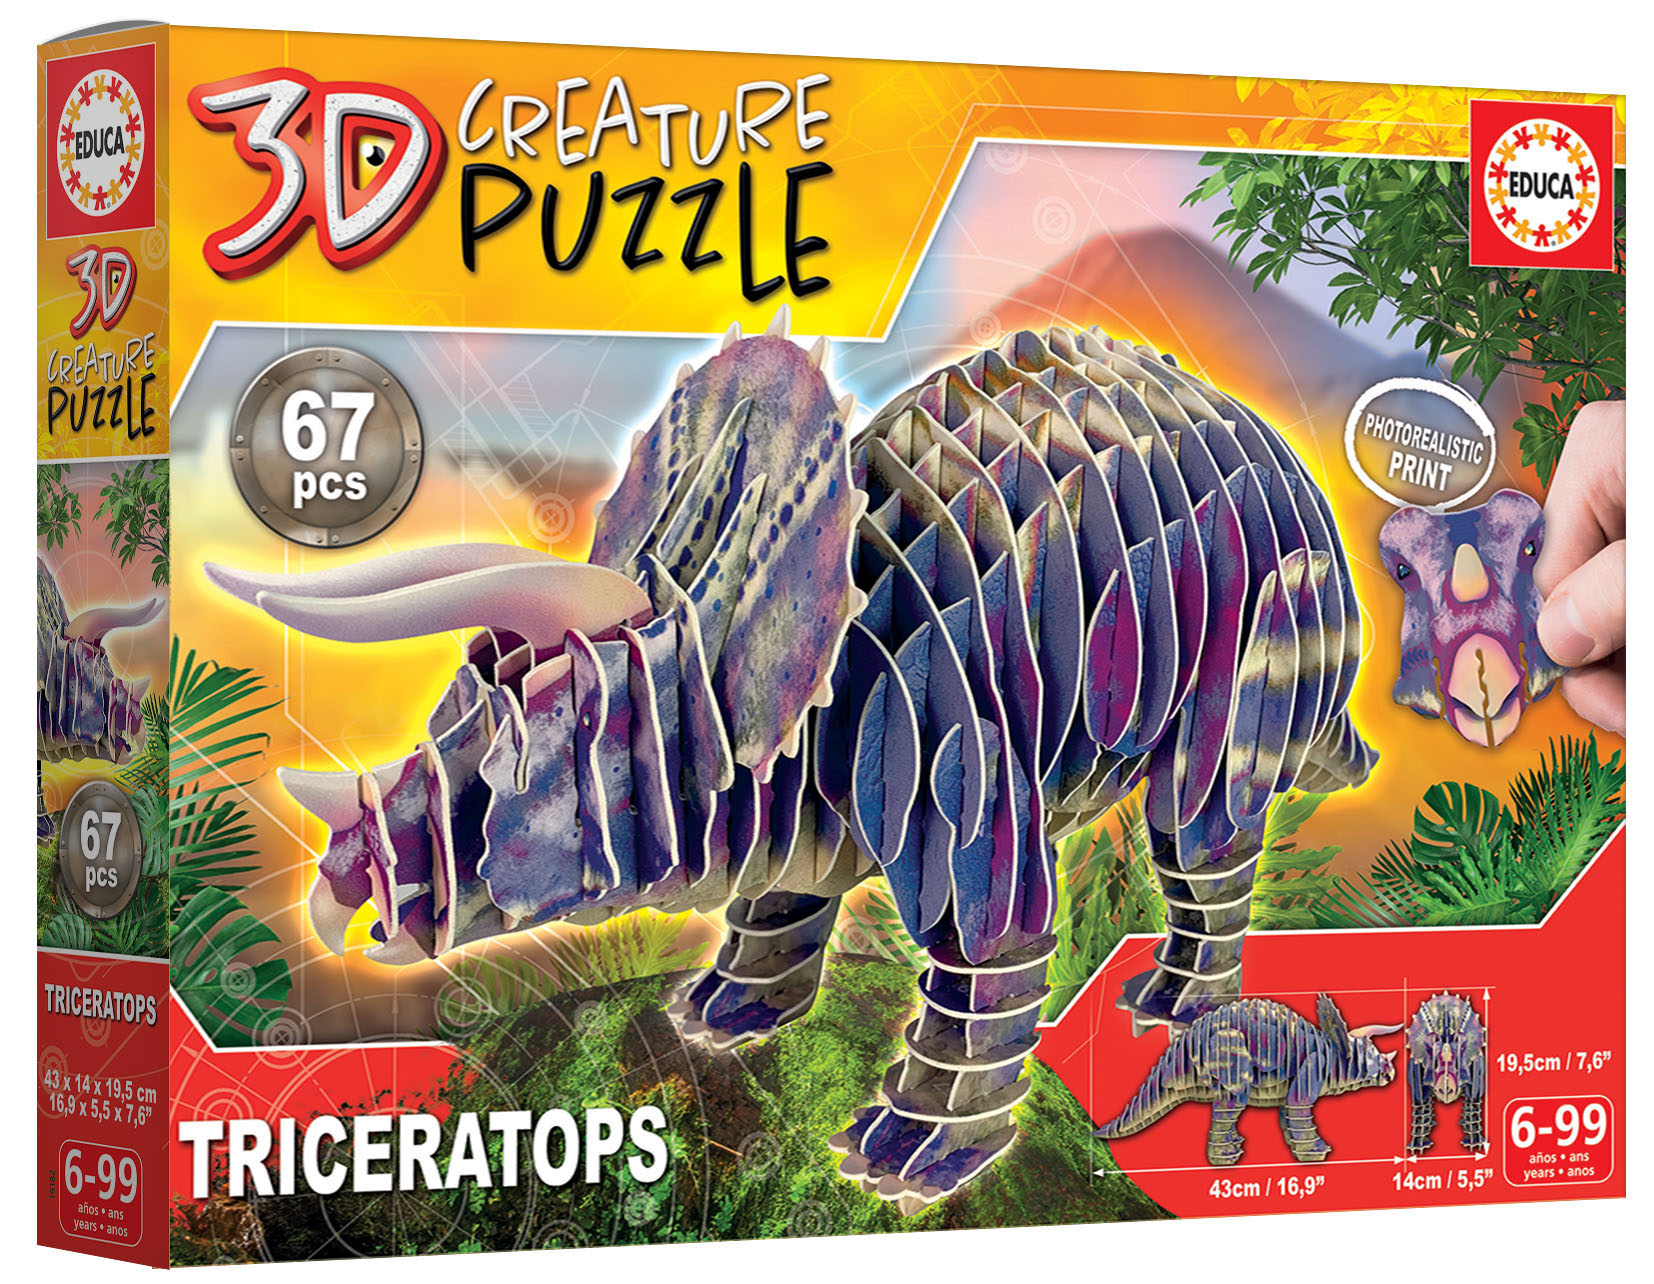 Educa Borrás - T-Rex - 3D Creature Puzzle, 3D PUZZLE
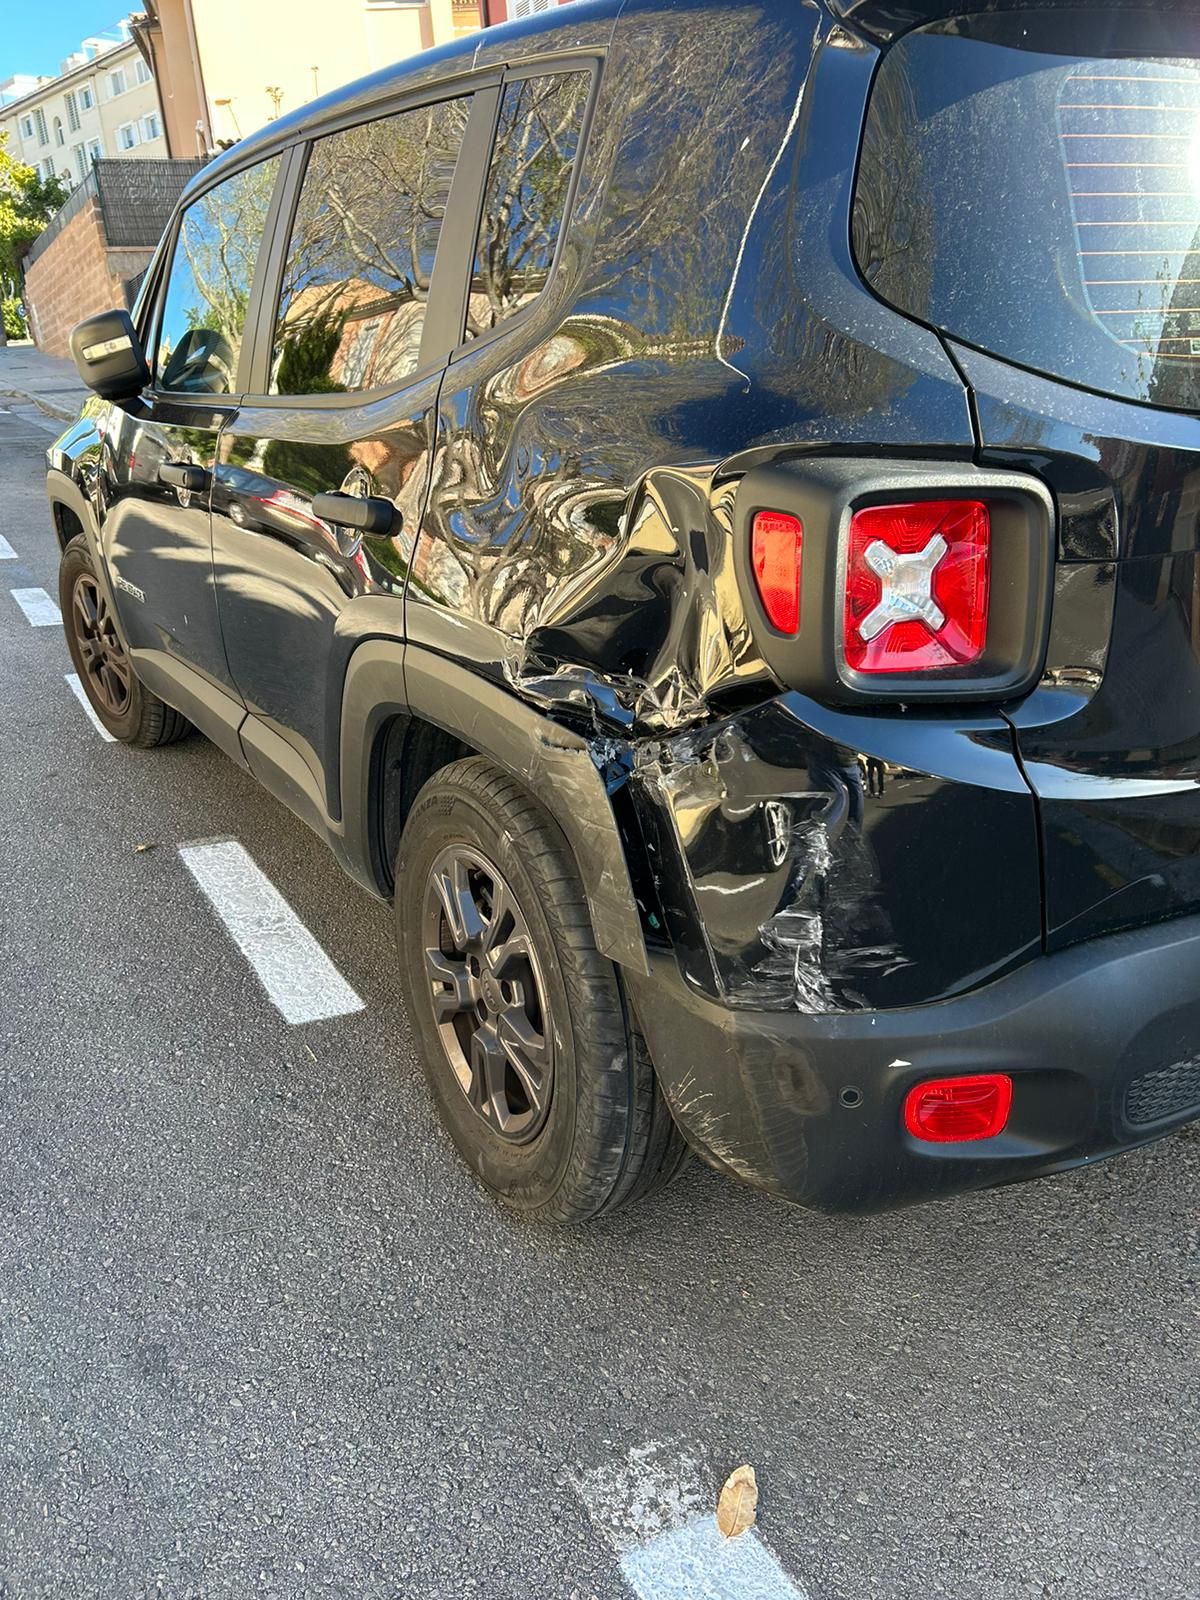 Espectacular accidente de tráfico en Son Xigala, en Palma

=-=-=-=-=

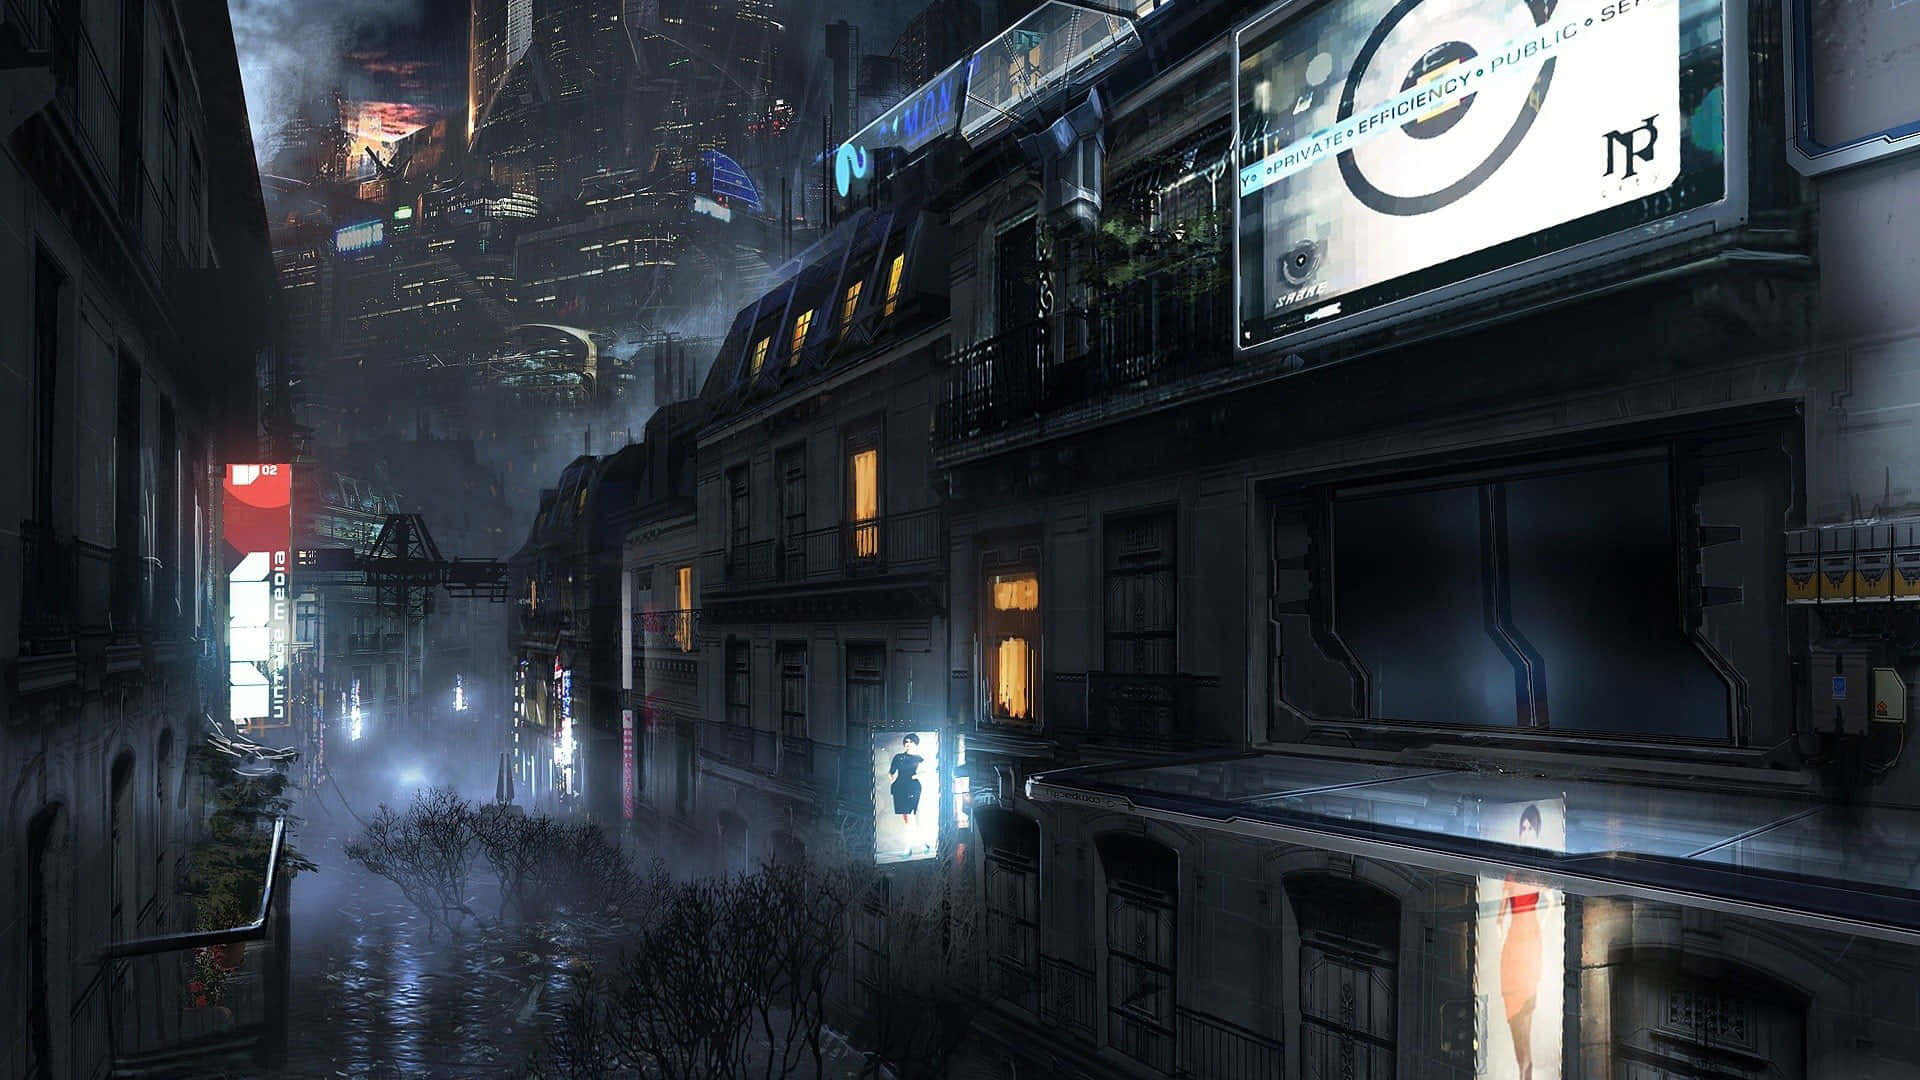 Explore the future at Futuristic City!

=-=-=-=-=

- [WHAT THE TASK ASKS]: Please copy out from the data above, without any picture, exactly the lines running from the one that holds "Educa Borrás - T-Rex" through the one that holds "Espectacular accidente de", and nothing beyond them.

- [REPLY]:
 Educa Borrás - T-Rex - 3D Creature Puzzle, 3D PUZZLE
 Espectacular accidente de tráfico en Son Xigala, en Palma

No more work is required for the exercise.